┌──

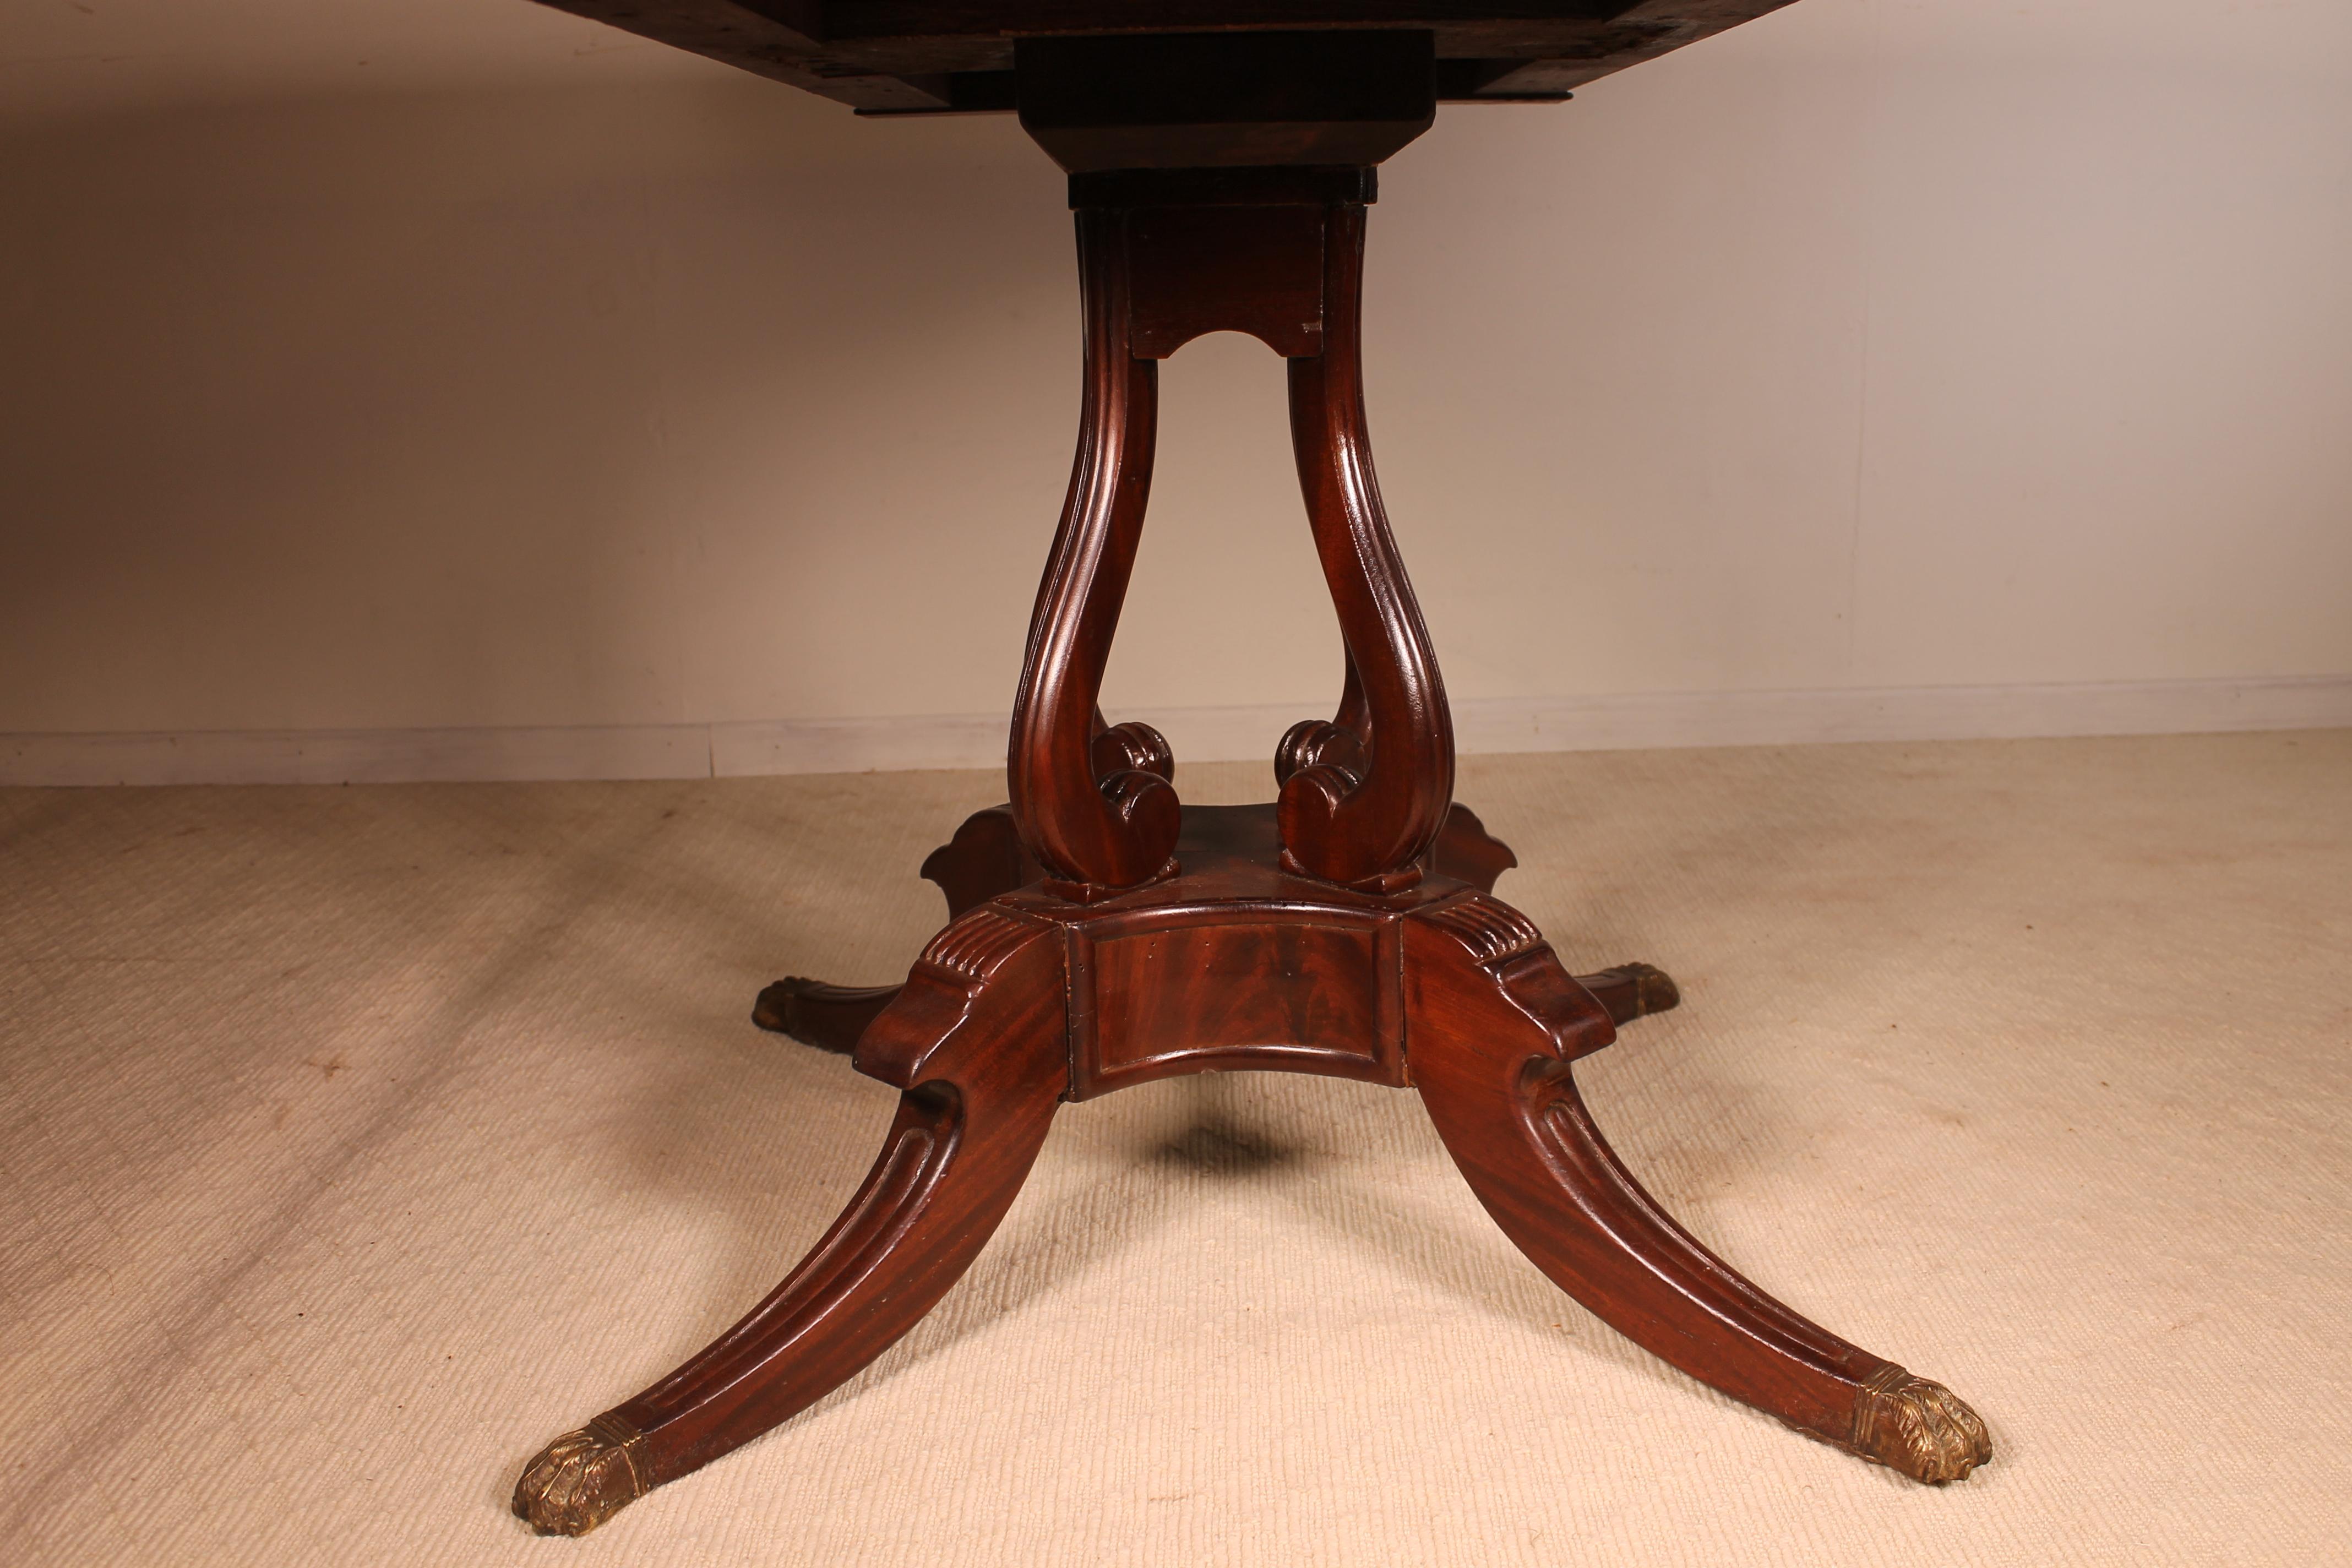 Une très belle table Régence Pembroke en acajou datant de la première partie du 19ème siècle vers 1820.
Cette belle pièce ancienne a un très beau plateau en acajou massif qui repose sur quatre montants cannelés sur une base quadripartite. La base
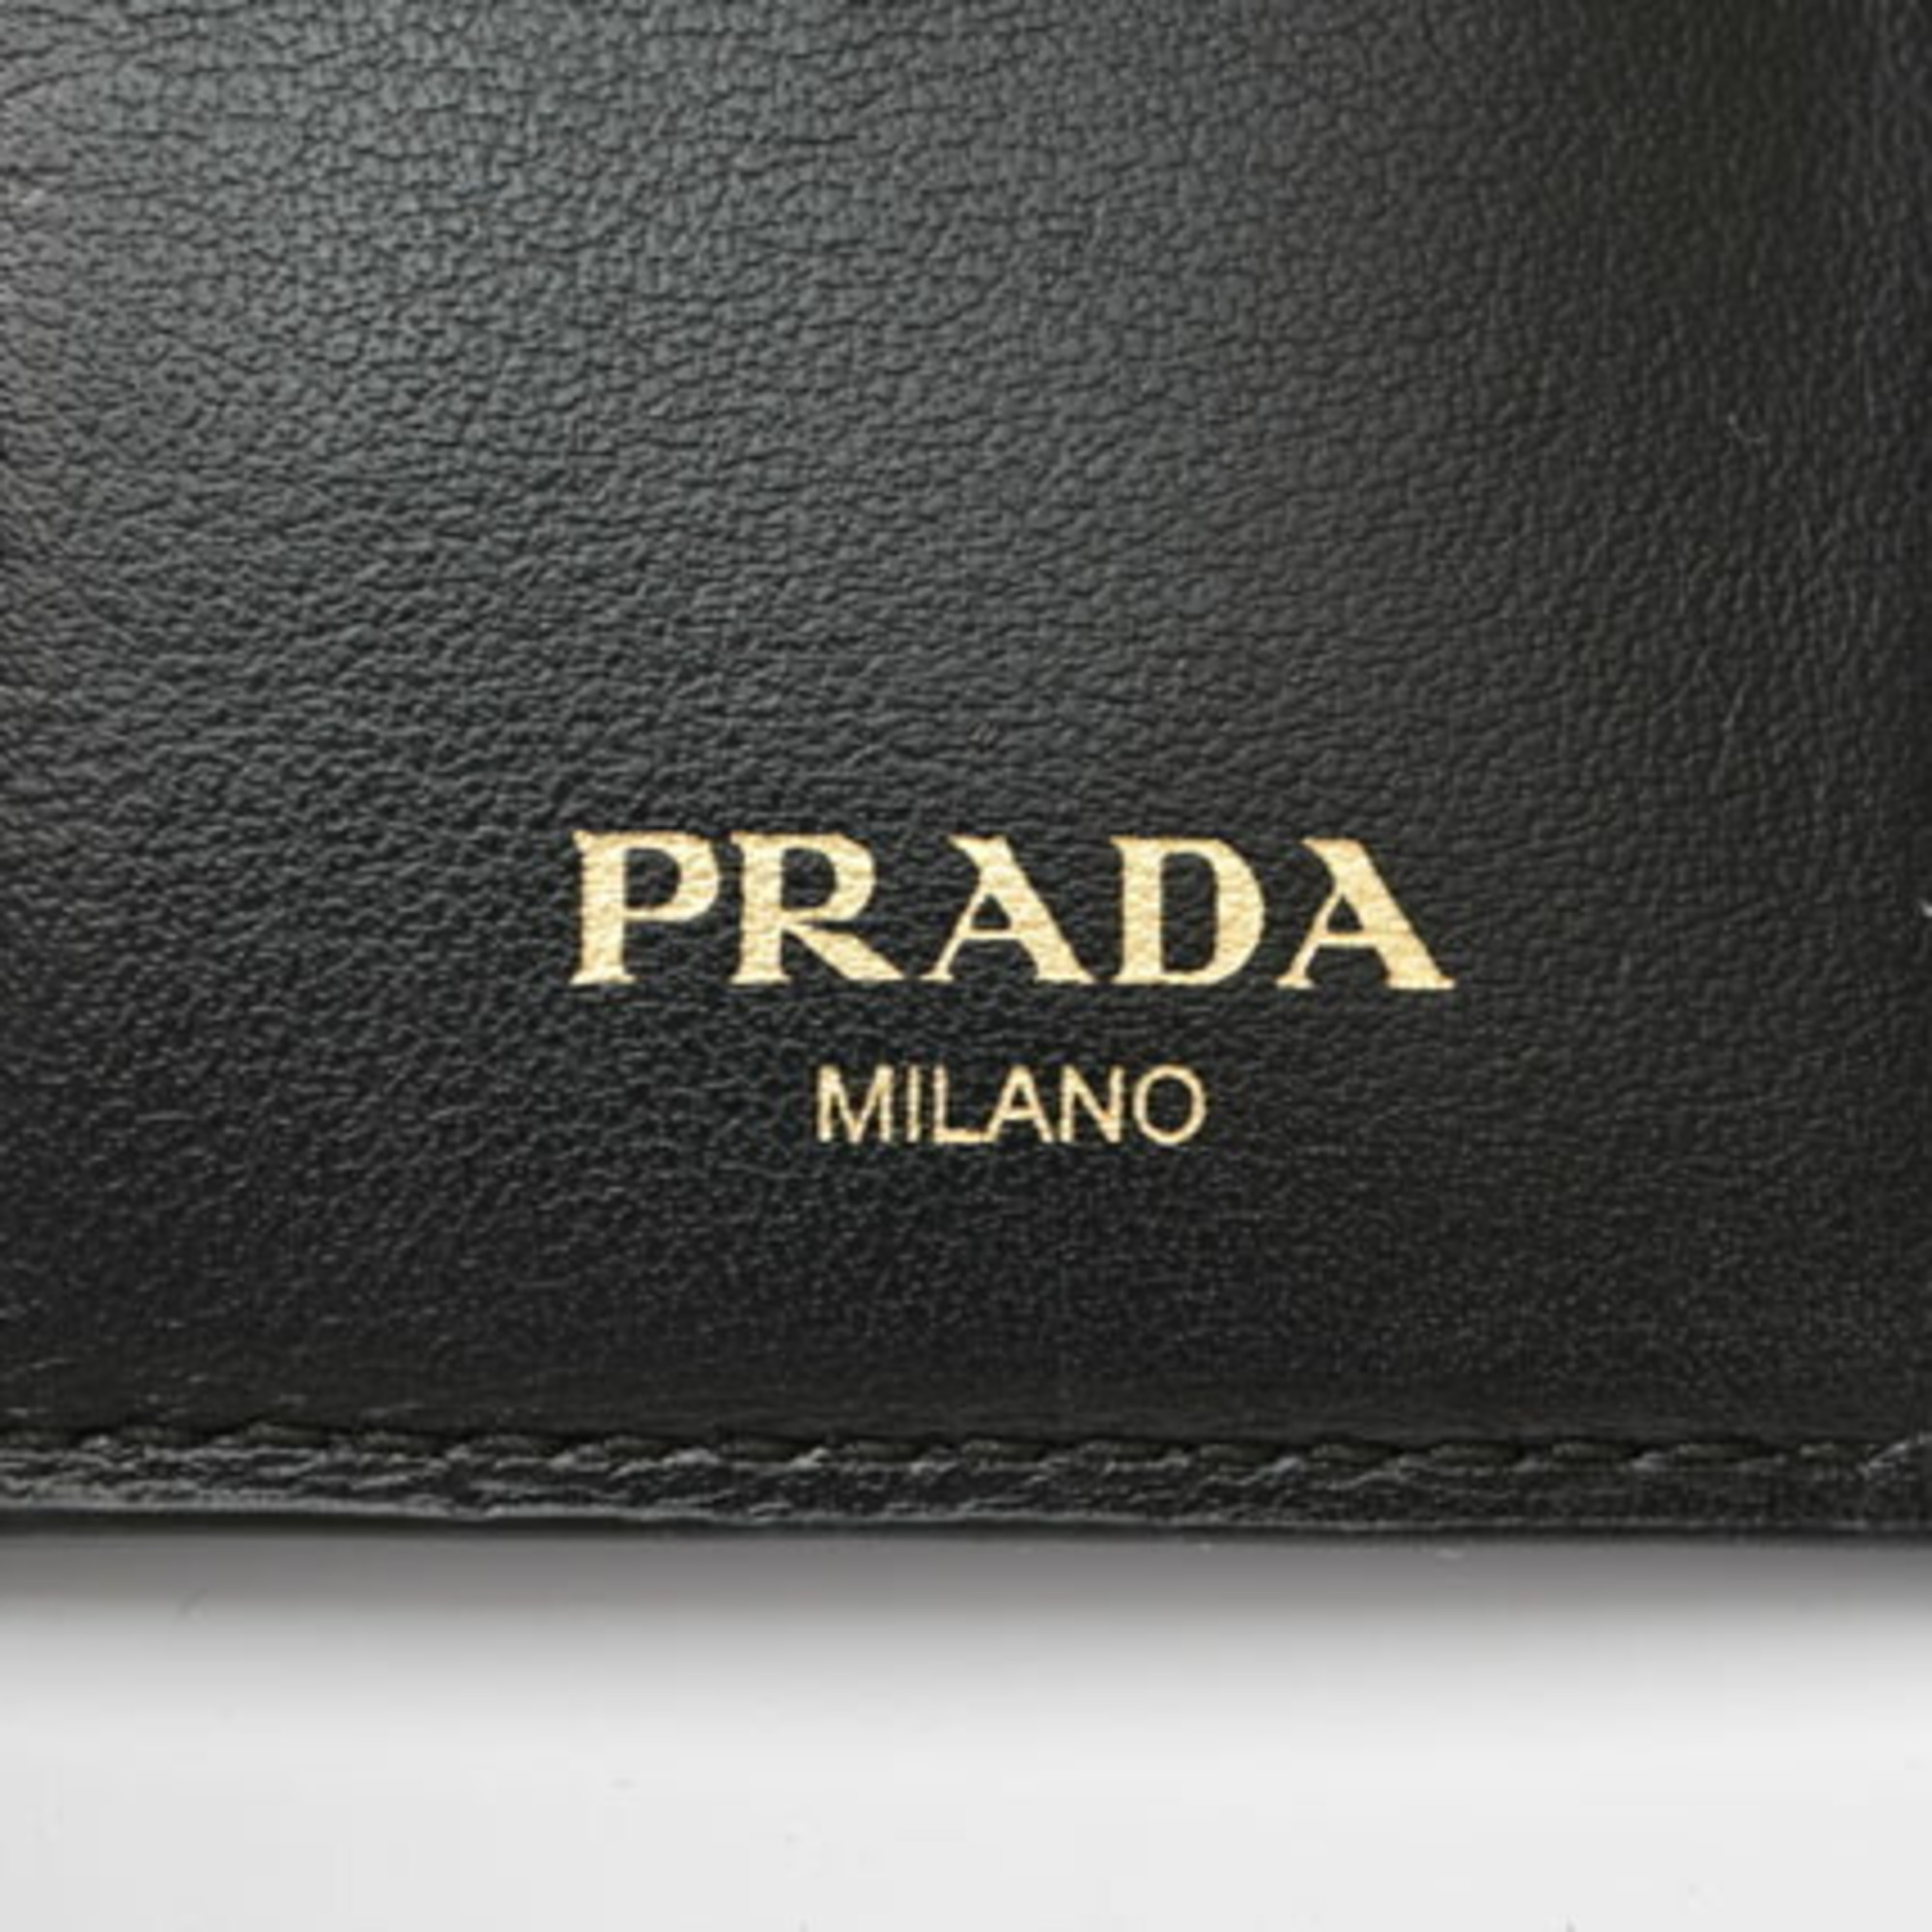 PRADA Coin Case Card VITELLO MOVE Leather NERO Black
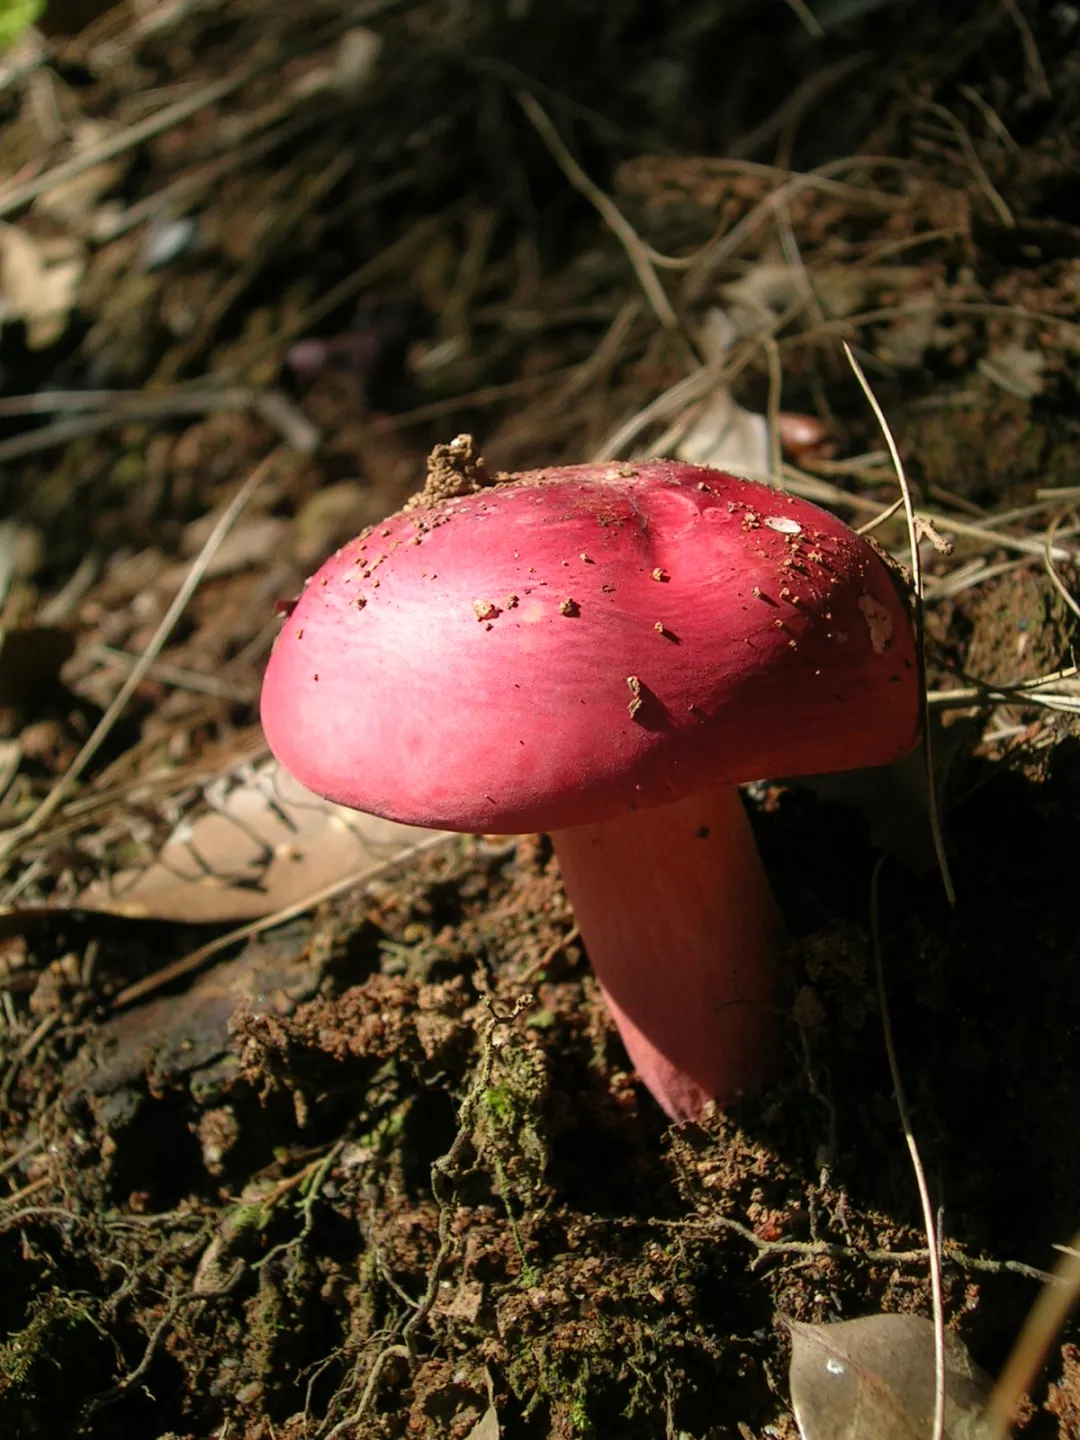 号称菇中之王的红菇,正在成为野生菌市场中的新贵

└──

GOAL OF THE EXERCISE → Starting at the first line of the listing above, write out each line exactly and nothing else until you reach the line containing "Cette belle pièce", which is included as well; omit all pictures.

ANSWER AREA →
 Une très belle table Régence Pembroke en acajou datant de la première partie du 19ème siècle vers 1820.
Cette belle pièce ancienne a un très beau plateau en acajou massif qui repose sur quatre montants cannelés sur une base quadripartite. La base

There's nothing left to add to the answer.